VxH – La Voix humaine, à partir de La Voix humaine de Jean Cocteau et des extraits de Disappear here de Falk Richter, musique et mise en scène Roland Auzet
VxH-La Voix humaine, à partir du texte de Jean Cocteau et d’extraits de Disappear here de Falk Richter, musique et mise en scène Roland Auzet
Un spectacle articulé autour de deux récits: La Voix humaine (1929) de Jean Cocteau et des extraits Disappear herede Falk Richter, écrits à presque un siècle d’intervalle. Soit la douleur insondable de l’être aimant, confronté à l’absence de l’aimé qui ne vous aime plus. L’absence de l’autre est sentie au plus près et blesse l’intime, via une conversation heurtée, cassée, interrompue, puis reprise sur les ondes téléphoniques – un moyen de communication à fil encore révolutionnaire en 1930 -, quand le récit de Falk Richter suit le parcours d’un personnage absent à lui-même dans sa quête de l’être cher.
Une conversation téléphonique, rupture et abandon, «Dans le temps, un regard pouvait tout changer mais avec tous ces appareils ce qui est fini, est fini ». Elle, après quelques tentatives infructueuses, finit par joindre son destinataire : elle doit rendre des lettres à cet ancien amant et transcender sa souffrance présente.

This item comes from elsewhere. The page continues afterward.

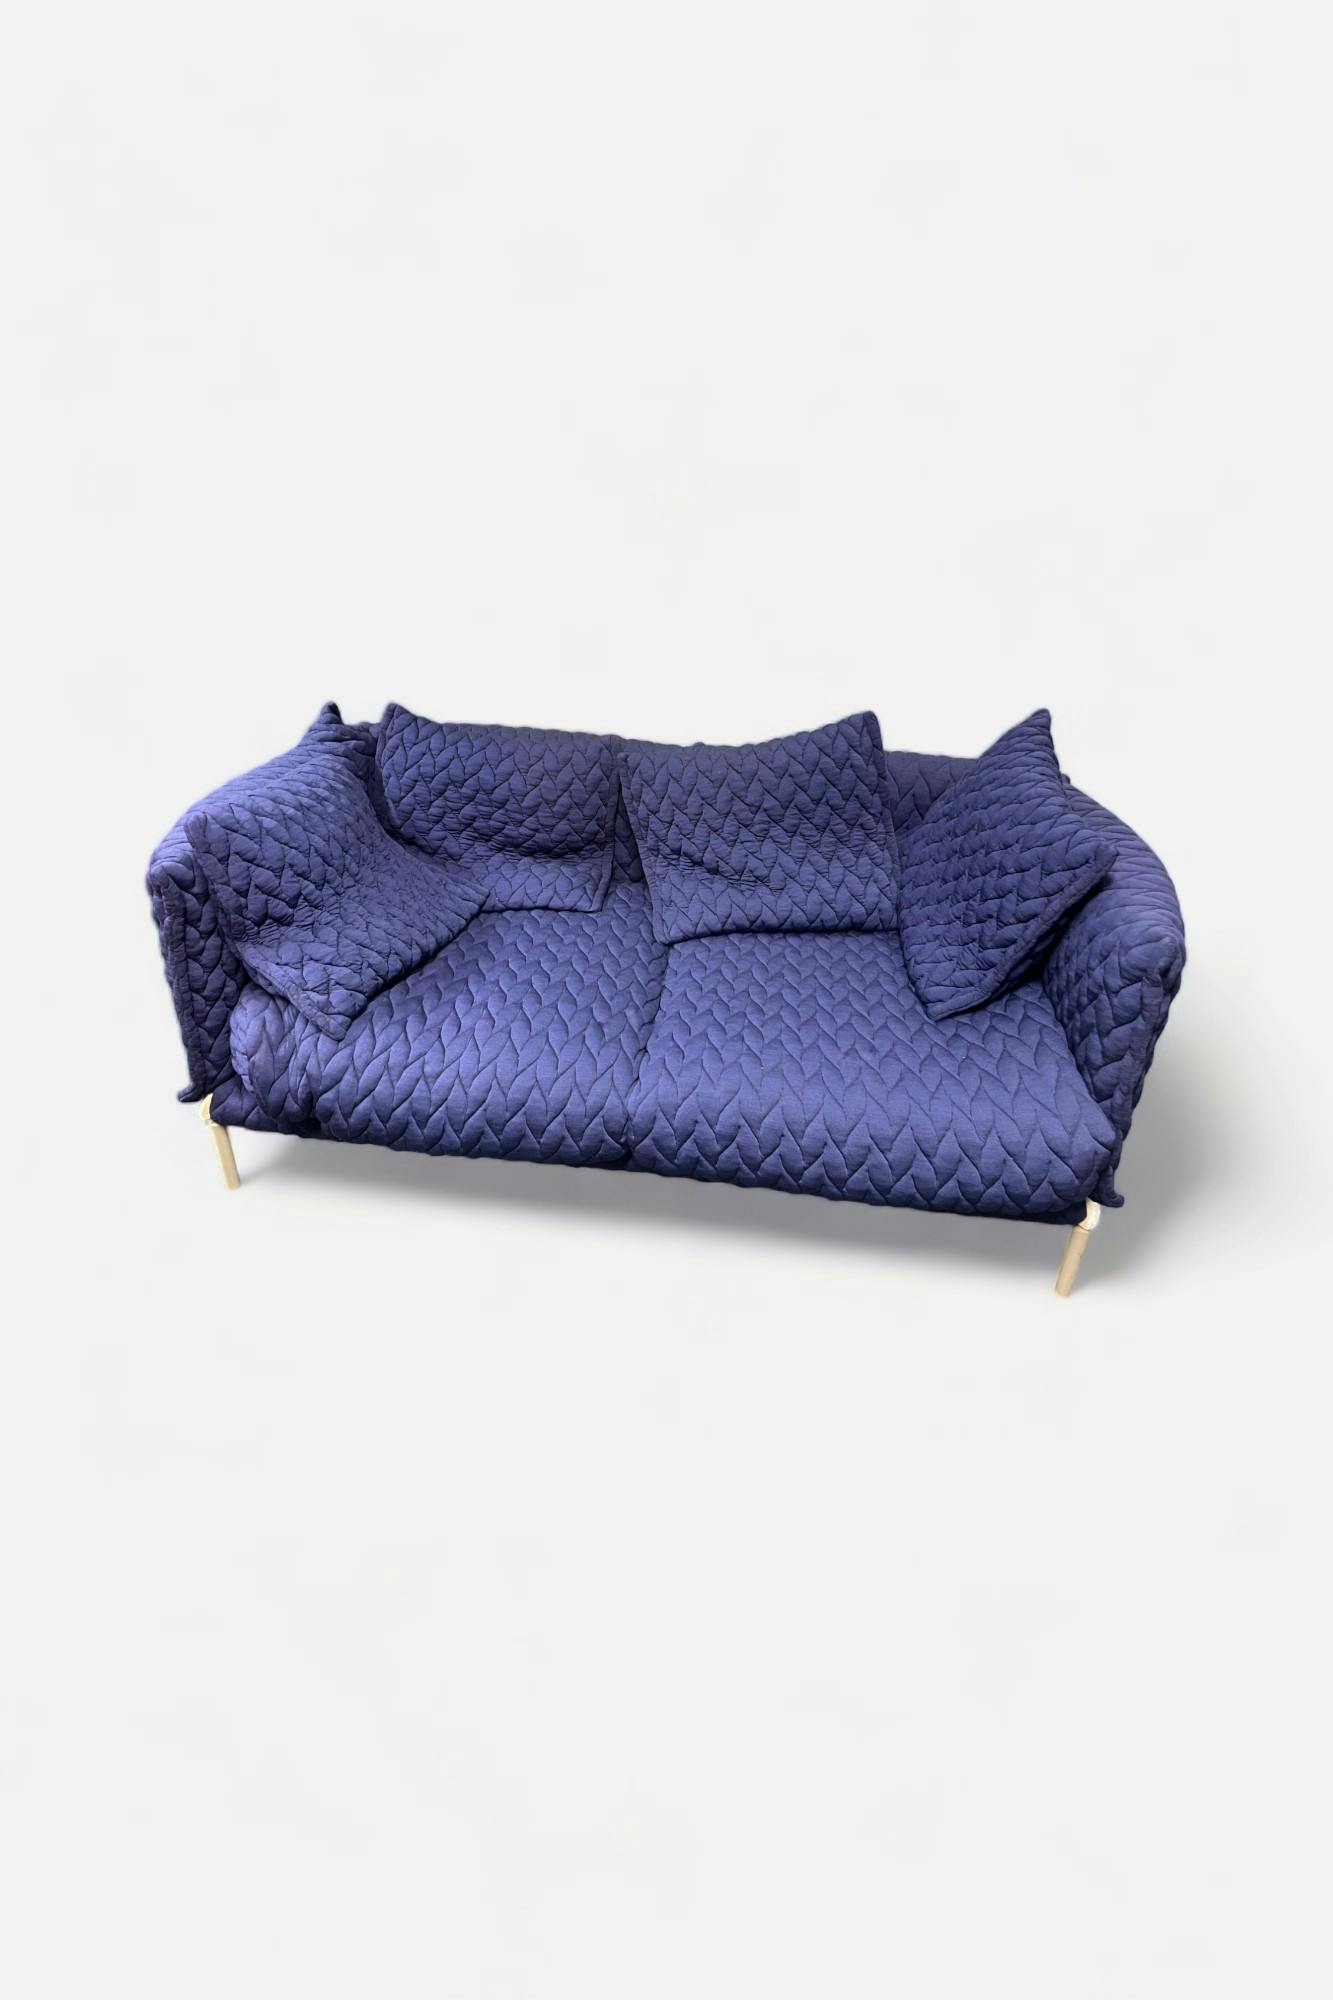 MOROSO Ontwerp Sofa Gentry Patricia Urquiola - Relieve Furniture

Non-dits, sous-entendus plus ou moins explicites, interruptions de la ligne téléphonique, la séparation à la fois physique et morale est vécue, de secondes en minutes et heures, dans la douleur. Sentiment de solitude, isolement, abandon, Irène Jacob ne sait ni ne peut plus se tenir debout et elle a voulu attenter à sa vie.
La pièce créée en 1930 à la Comédie-Française dans des décors de Christian Bérard eut une première représentation privée, chahutée par les Surréalistes. Innovante, elle met en scène un seul personnage : une femme à son téléphone avec un dialogue tronqué. Roland Auzet se saisit du texte de Jean Cocteau pour aller plus loin encore dans sa perception par le public hyper-connecté d’aujourd’hui. Il imagine une symphonie urbaine entre ciel et terre. Et la chorégraphe Joëlle Bouvier dirige la partition corporelle de l’actrice.

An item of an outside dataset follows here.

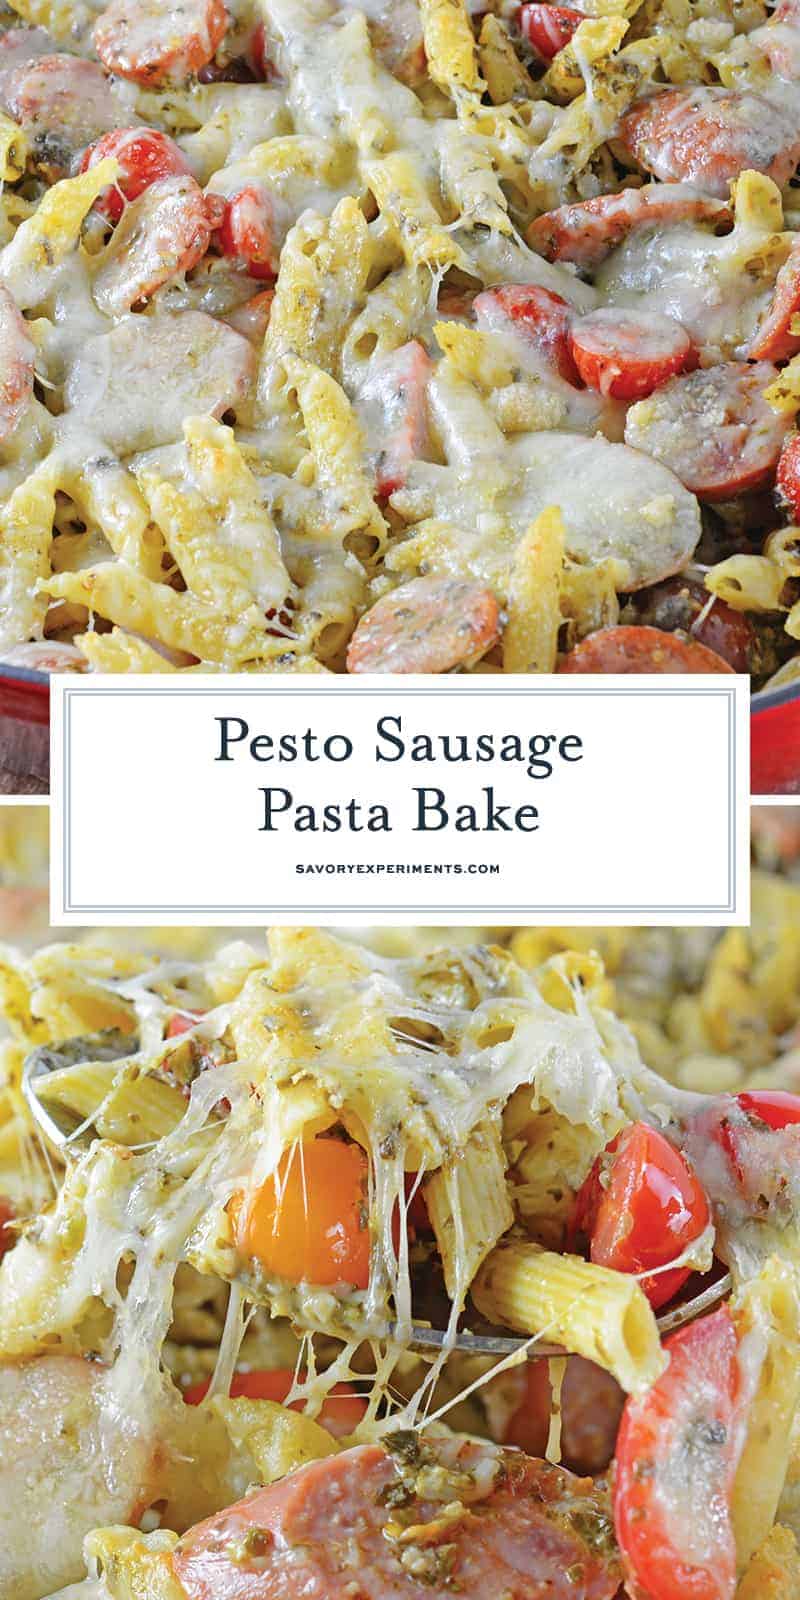 Pesto Sausage Pasta Bake is the perfect easy pasta dish! Creamy pesto sauce, pasta, smoked sausage and Italian cheese make this the ideal meal! #pastabake #bakedpastadishes #sausagepastabake www.savoryexperiments.com

L’espace de scène et les spectateurs s’installent sous l’habitacle surélevé, pieds nus sur le tapis, assis par terre, allongés sur des coussins, ou assis encore sur une chaise autour de l’espace quadrifrontal. La plate-forme en plexiglass de l’action dramatique accueille ainsi son public en-dessous, construisant un rapport intime singulier à la narration théâtrale et sonore. La scénographie fait songer à un ring de boxe placé en hauteur, faisant jouer les couleurs et lumières changeantes d’un toit installé, selon la palette de Bernard Revel.

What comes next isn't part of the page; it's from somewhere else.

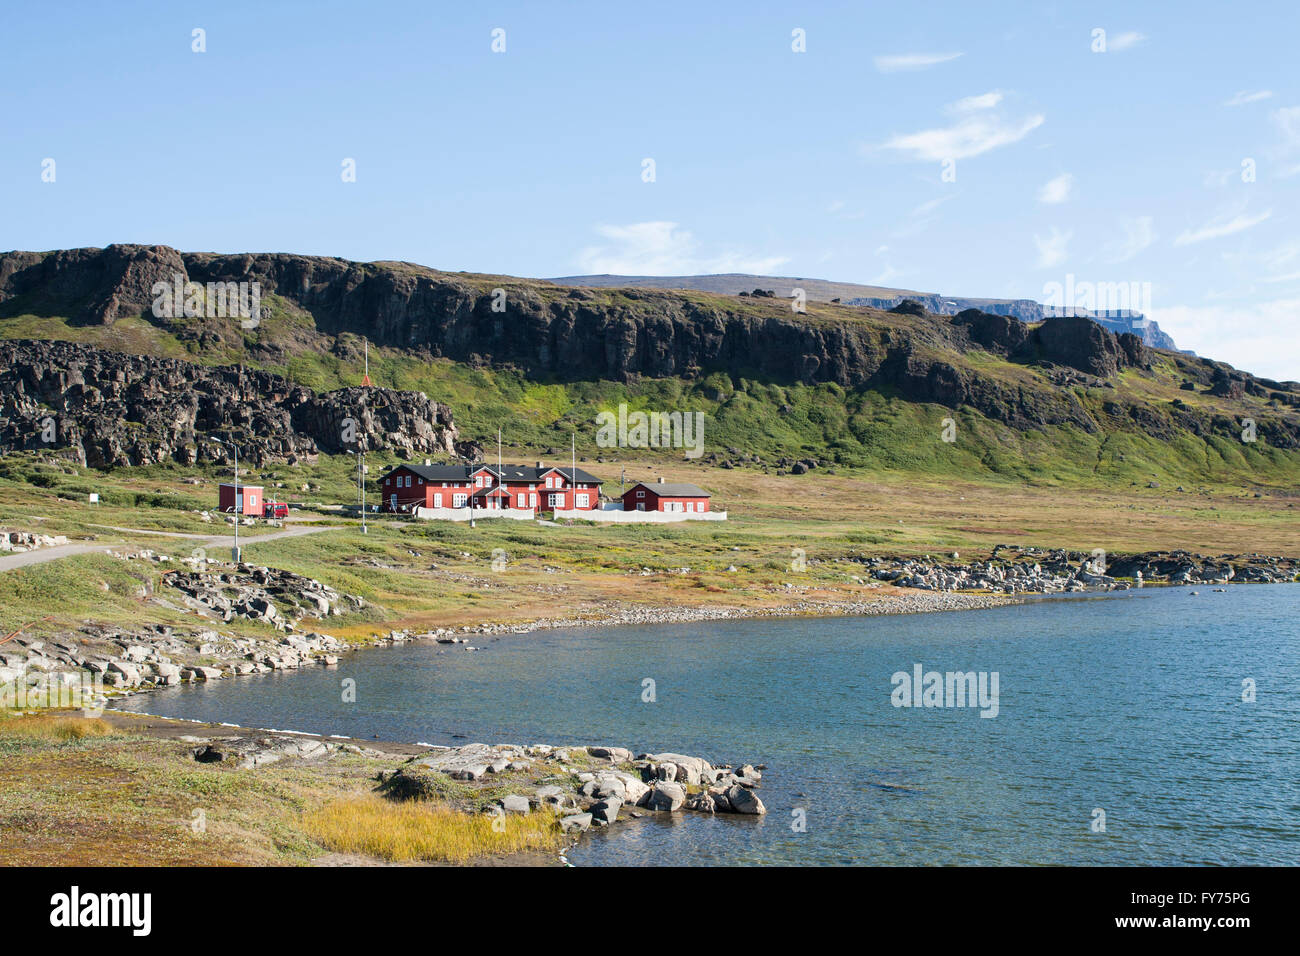 Arktisk Station, Arctic Station, Qeqertarsuaq, Greenland Stock Photo

Pour une narration à la fois visuelle et sonore, le son feu-follet se faufile aux quatre coins de la scène. L’imaginaire du public se nourrit de la parole de La Voix humaine par Irène Jacob avec gravité et légèreté et par des musiques contemporaines. Avec Daniele Guaschino à la réalisation informatique musicale Ircam et Luca Bagnoli au mixage en temps réel. Dans un espace muni de capteurs pour l’harmonisation des sons vocaux et corporels retranscrits. Et le public ne sait où porter son attention, testant toute réception potentielle. Quelle est cette émotion d’être ici : voir et ne pas voir, être vu ? Les formes multiples et insolites de l’expression artistique se répondent, et diffusent un courant de rencontre entre jeu théâtral, illustration scénographique et musique.
Quant à Irène Jacob, elle accorde à son public s on talent avec une belle présence, entre murmures, cris et chuchotements, chutes et reptations sur le sol transparent.
Véronique Hotte
Le Cent-Quatre, Paris XIX ème, ManiFeste-2018, festival de l’Ircam, du 7 au 10 juin.
Théâtre des Célestins, Lyon, du 9 au 22 novembre.
Festival Aujourd’hui Musiques /Théâtre de l’Archipel, Perpignan, du 24 au 25 novembre. Théâtre-Scène nationale de Saint-Nazaire du 30 au 31 janvier.